What&#x27;s the differences between noSql, mySql, sqlite and sql? I have only used Sqlite3 when I was developing a website with Django and a little bit of MySql when I worked on wordpress during summer, what are the other database languages like?
======
talles
MySQL is a fully featured RDBMS. An example would be enterprise system or
websites.

SQLite is also a RDBMS but a lightweight one, it doesn't require it's own
process, clustering or user management unlike MySQL or others RDBMS. SQLite
consist of a single file and a library to make your application interact with
it. The typical example is storing bookmarks on a web browser, or minor
database in mobile apps.

SQL is the language standard to interact with RDBMS. While it's the same
language, it has minor non-standard variations flavors (like Microsoft's
Transact-SQL).

NoSQL is a broad term to refer to databases that are less restricted on the
database's model associations than a relational one.

------
tlubinski
MySql and Sqlite are relational database management systems (RDBMS), which
hold databases that are based on relations. (Other RDBMS are e.g.
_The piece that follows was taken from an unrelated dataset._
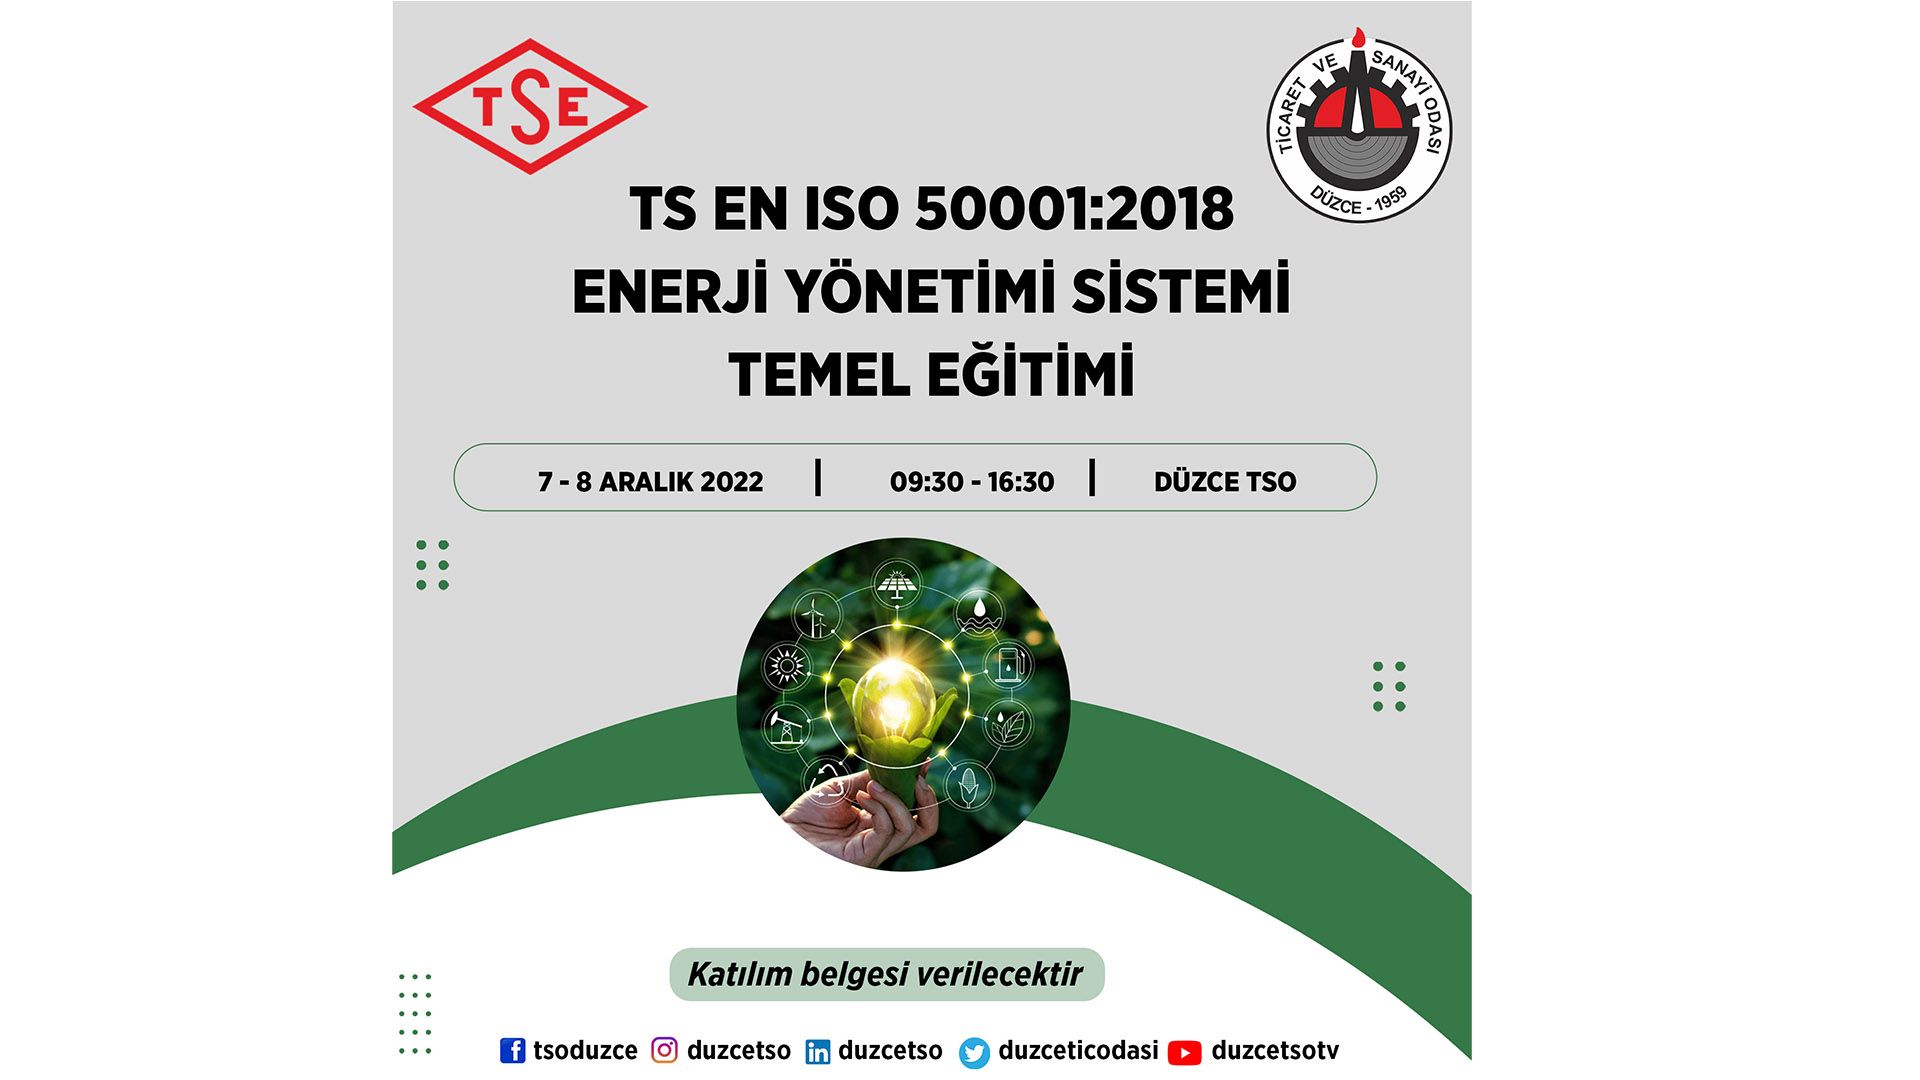 TS EN ISO 50001:2018 Enerji Yönetimi Sistemi Temel Eğitimi

Postgresql
or MS SQL Server)

SQL is a programming language to manage data and data definition in RDBMS.
("SELECT * FROM users WHERE lastname = 'Smith';")

NoSQL is a term which describes database systems that don't understand SQL and
usually work as key-value store. (Examples: Riak, Redis, MongoDB (document-
based))

------
t0
The main difference is whether the database runs in memory (mysql and sql), or
it's file based (nosql and sqlite).

Wham downvoted. Is this information incorrect?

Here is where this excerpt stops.